I am not cured. The trial drug only suppresses my cancer, and I have some permanent side effects.  I’ll be in treatment for the rest of my days.  Clinical trials will hopefully keep me feeling comfortable and capable for many months – even years. I am satisfied with living however long I might have.

Being given a second chance at life tends to give one a different perspective.  Colors are brighter.  A warm breeze rustling the trees makes the whole day worthwhile. Time spent with family and friends becomes precious.

A second chance at life also makes one introspective.  Why was I spared when others died?  Why does my mutation have an effective treatment when others don’t?  Why am I able to see one of the best lung cancer doctors in the world when many patients can’t afford proper treatment?

Why am I still here? What purpose does the universe have for me?

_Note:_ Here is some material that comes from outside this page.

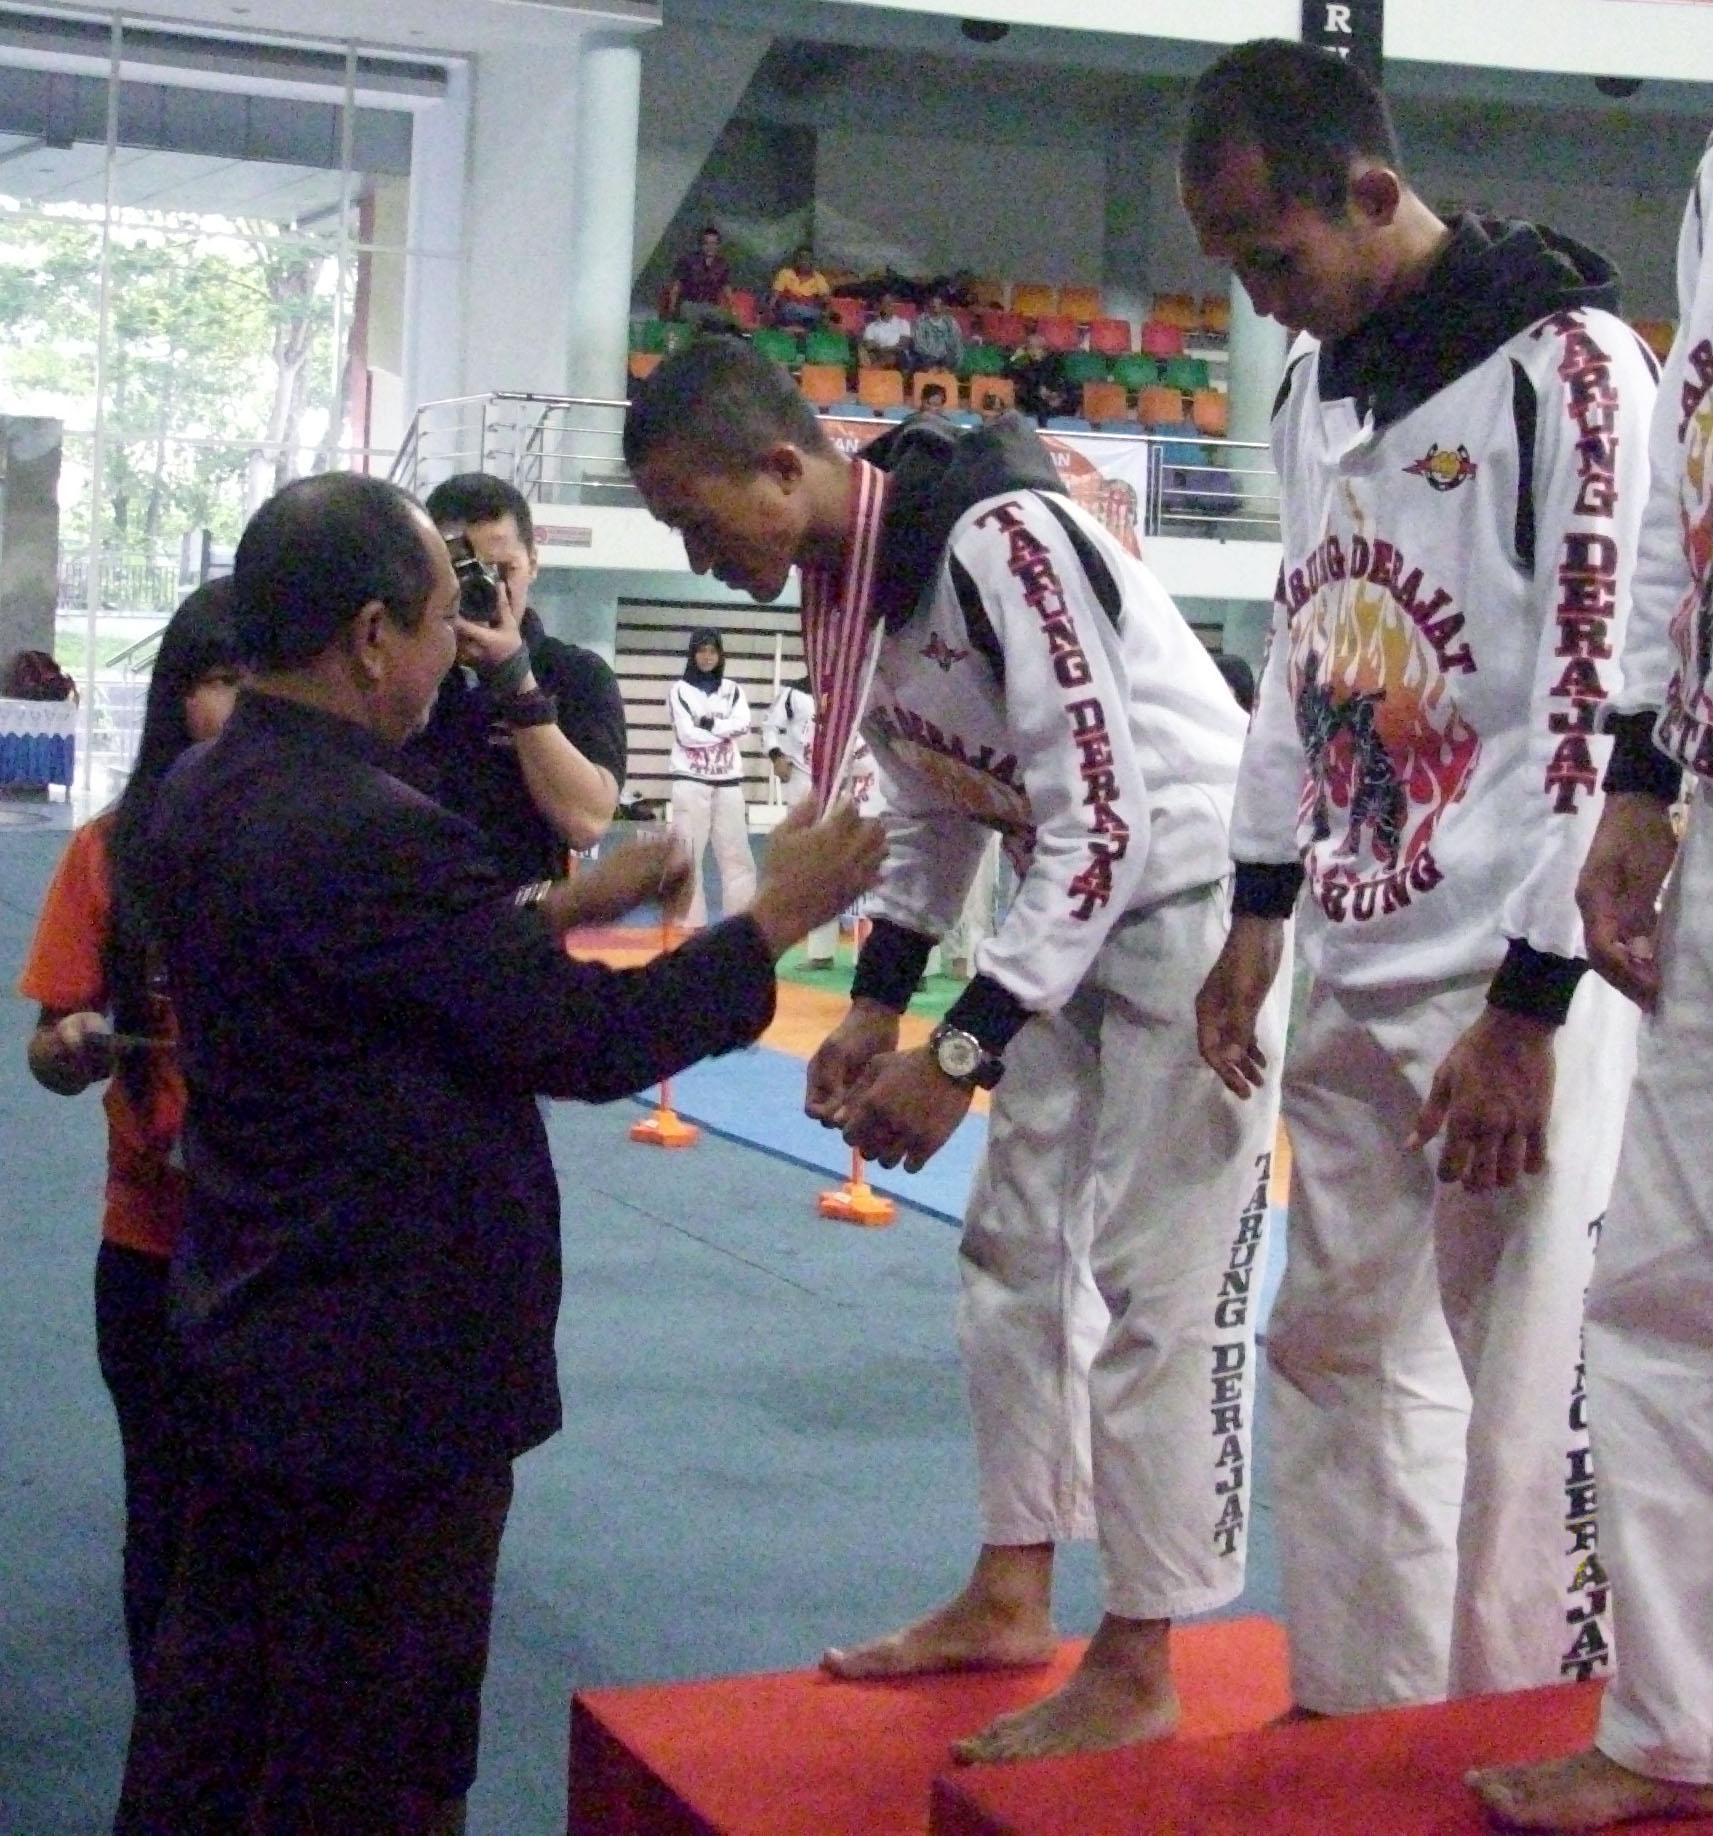 Muhammad Adam (kiri) Ketua KONI daerah Balik Papan mengalungkan medali perunggu kepada Wahyu Sihpikukuh yang menjadi juara tiga pada pertandingan pra-PON di Kalimantan Timur. foto: dok. istimewa

Part of the answer to why I’m still here is, I am blessed with gifts that help me survive my cancer journey.  I’m able to understand the medical science and my treatment.  I’m able to explain what I’ve learned.  And I’m able to advocate for myself with healthcare providers.

Yet I am just a steward of these gifts that were bestowed on me. Understanding my gifts has led me to a new purpose: I am here to help other lung cancer patients. I strongly feel this is my calling in the time I have left.

Lung cancer has a stigma attached to it.  Few people know that 80% of those newly diagnosed with lung cancer are nonsmokers or never smokers.  There is more to lung cancer than just smoking.  Yet we are the lepers of the cancer community. 

For this reason, some are ashamed to admit they have lung cancer.  Most don’t know about the new treatments like the one I’m taking–even some doctors don’t know. Patients don’t know where to turn for answers. 

Lung cancer patients need more than compassion. They need information.  They need HOPE.

After considerable thought, I decided the best way to use my gifts was to go public about my lung cancer. At first, I only shared my story online with friends and lung cancer communities.  Eventually I started blogging (which is essentially a journal open to the world on the Internet) and began speaking publicly about my cancer.

Going public with my lung cancer experience has already had an impact. As I’d hoped, it shows patients that people can live with metastatic lung cancer, and encourages them to ask questions about their treatment. 

But going public has also brought completely unexpected benefits. It helps families understand what their loved ones who have lung cancer are experiencing. It gives hospital chaplains insight into their patients’ needs and feelings. It demonstrates to doctors that patients can be partners in their own care. It reveals to researchers how their work makes a difference in the lives of real patients.

In addition, I’ve realized a personal health benefit in sharing the gifts I was given to steward. Having a purpose gets me through the tougher parts of cancer treatment.  It won’t heal my cancer, but it does help me live a healthier, happier life.

And it all started with being grateful that I’m alive.